Tuesday, May 10, 2005

Wants to live forever?

Apparently, according to Dr Aubrey de Grey, scientists are within a generation of an immortality breakthrough. Great news, if he's to be believed. That's not the funny bit though. It's people's response to the prospect that had me in hysterics while reading the Metro this morning.
If you start making changes there, where do you stop? Why not add new things like wings and completely change humans?
This reported in a tone of disgust and outrage. Taken out of context, however, it seems to me a fabulous idea. Let's tailor humans to live underwater. Or in space. Certainly, wings and immortality would be the least of the changes I'd like to see take place.
People don't mind growing old.
Um. Which people are these? The most people hope to achieve is a kind of wise acceptance of their mortality by the time their end becomes an incipient possibility. Give people the chance to live as long as they want, though, and they'd all be vying for the chance to be the first bicentegenarian triple-jump champions. Or the desired equivalent in 200 years.

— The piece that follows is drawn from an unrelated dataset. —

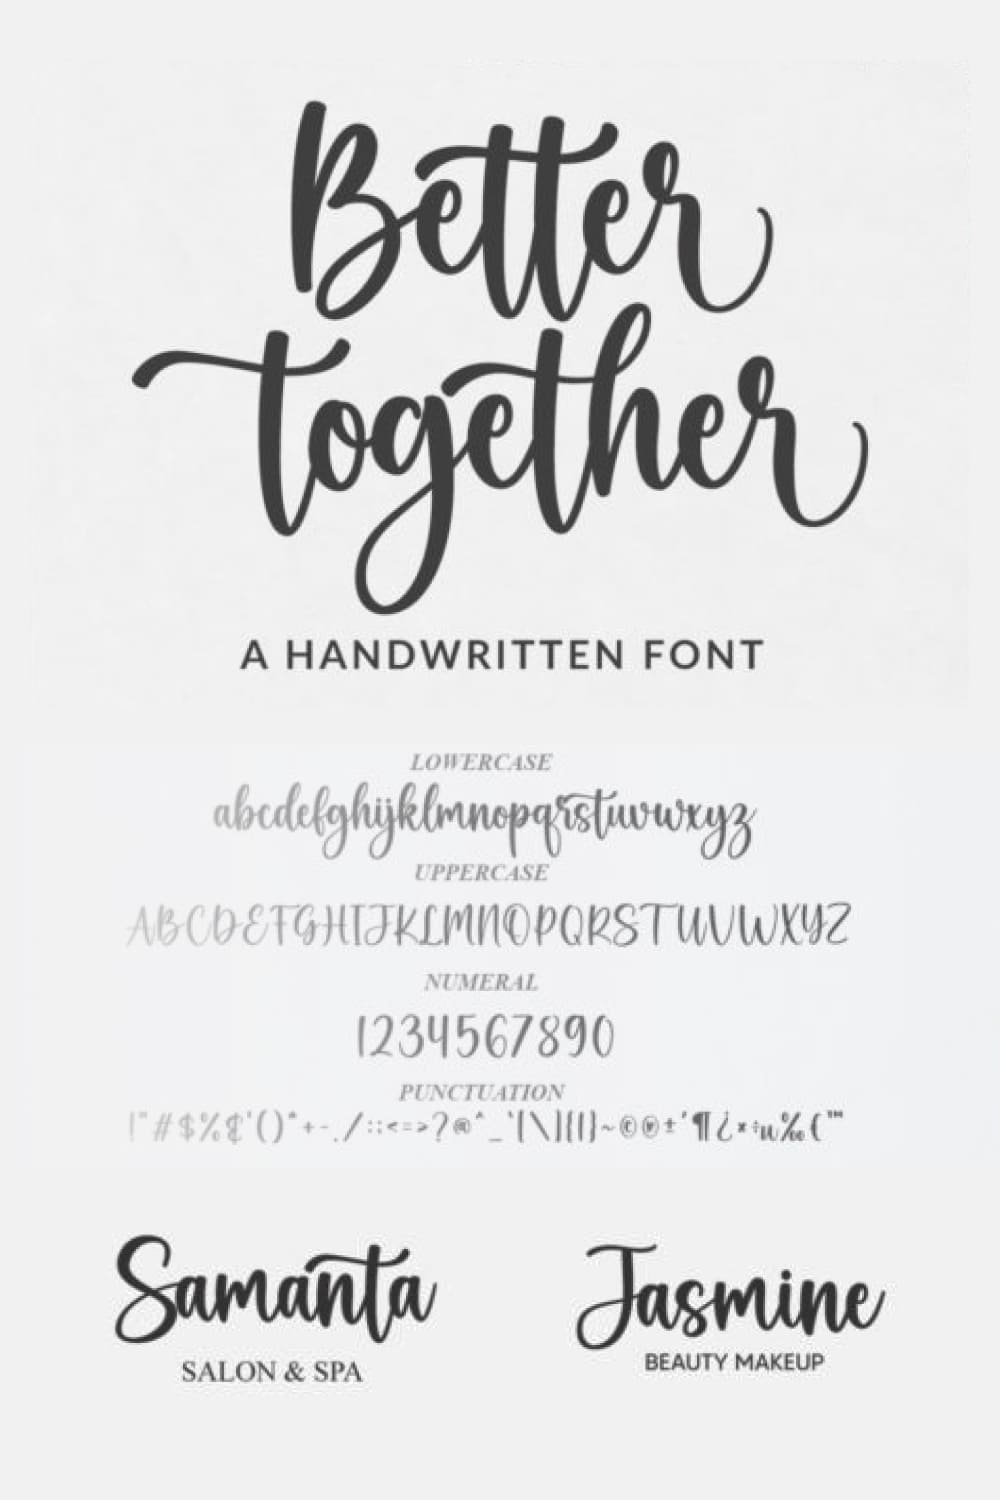 An example of a Better Together font on a gray background.
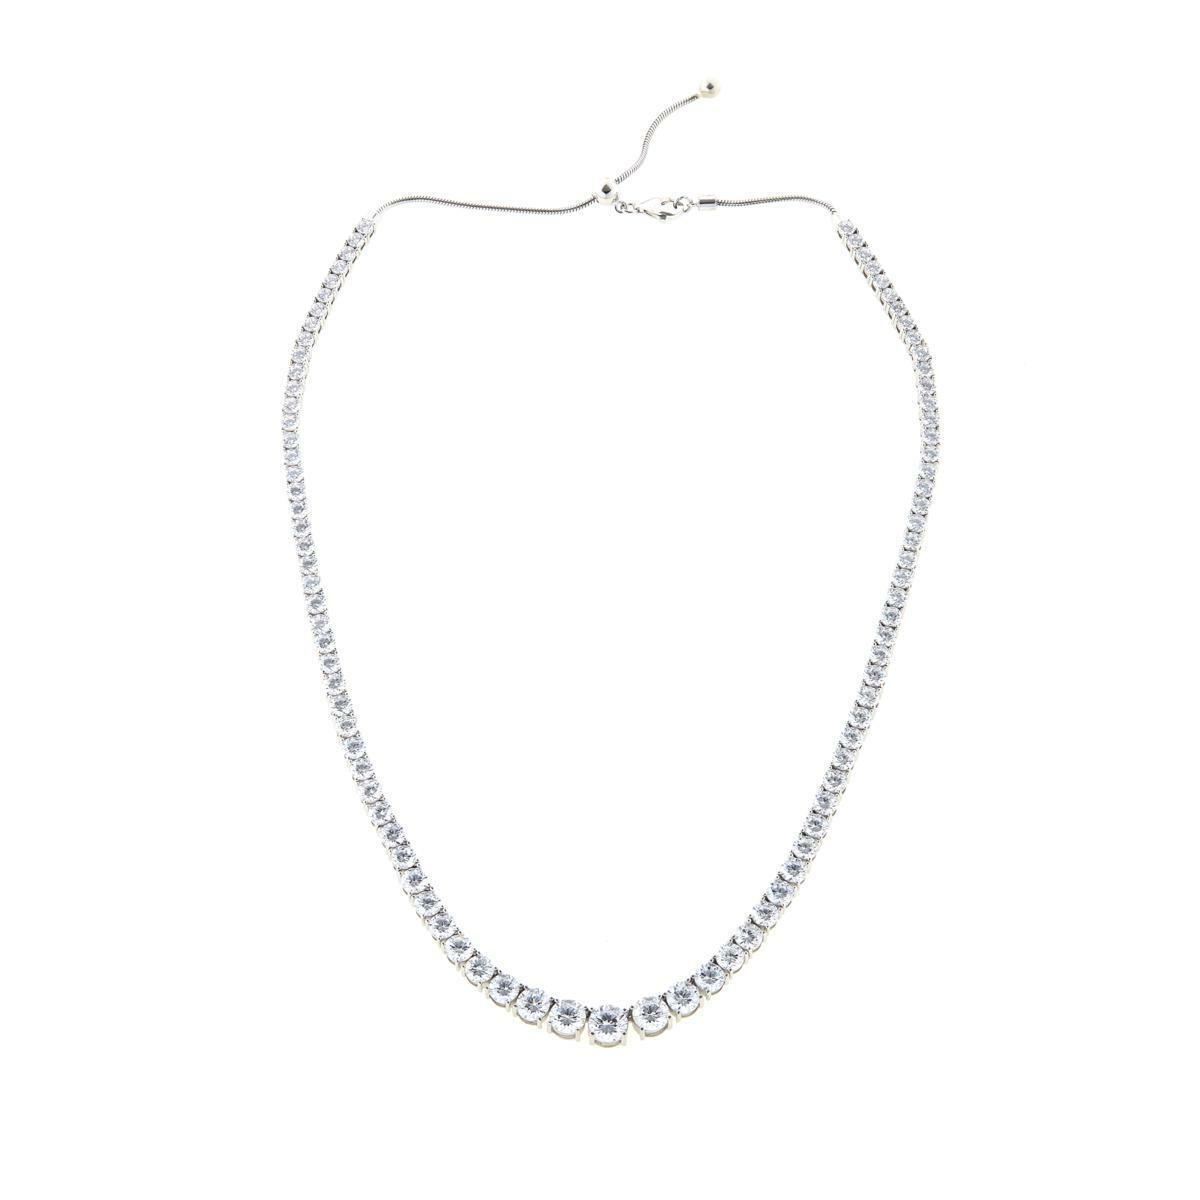 Absolute 21.27Ctw Cz Graduated 18" Adjustable Line Necklace Hsn $260

My personal favourite was this offering from the University of Belfast:

people with high IQ results from 1937 were much more likely to be alive 60 years later than people with low ones.
No, really? And being equipped to deal with the consequences of a 2nd World War, the concomitant technological explosion and the various vagaries of modern capitalist economics requires a 60-year study to be deemed beneficial to longevity?

Scientists! Gotta love 'em. Bless.

2 comments:

ScroobiousScrivener said...

Oh gawd. Living forever is an utterly terrifying prospect. Staying young for 200 years and then dying in a quick, dignified and painless manner, however, would be brilliant.

I want to live for 200 years as a young mermaid. Can they make that happen? How about a mermaid with wings? Now we're talking...

Anonymous said...

I'd be willing to bet a large sum of money, scroob, that come the last day of your year 200, you'd be up for another day - or year, or decade, or century. I mean come on; if you're healthy and active at 200 why suddenly decide to kill yourself?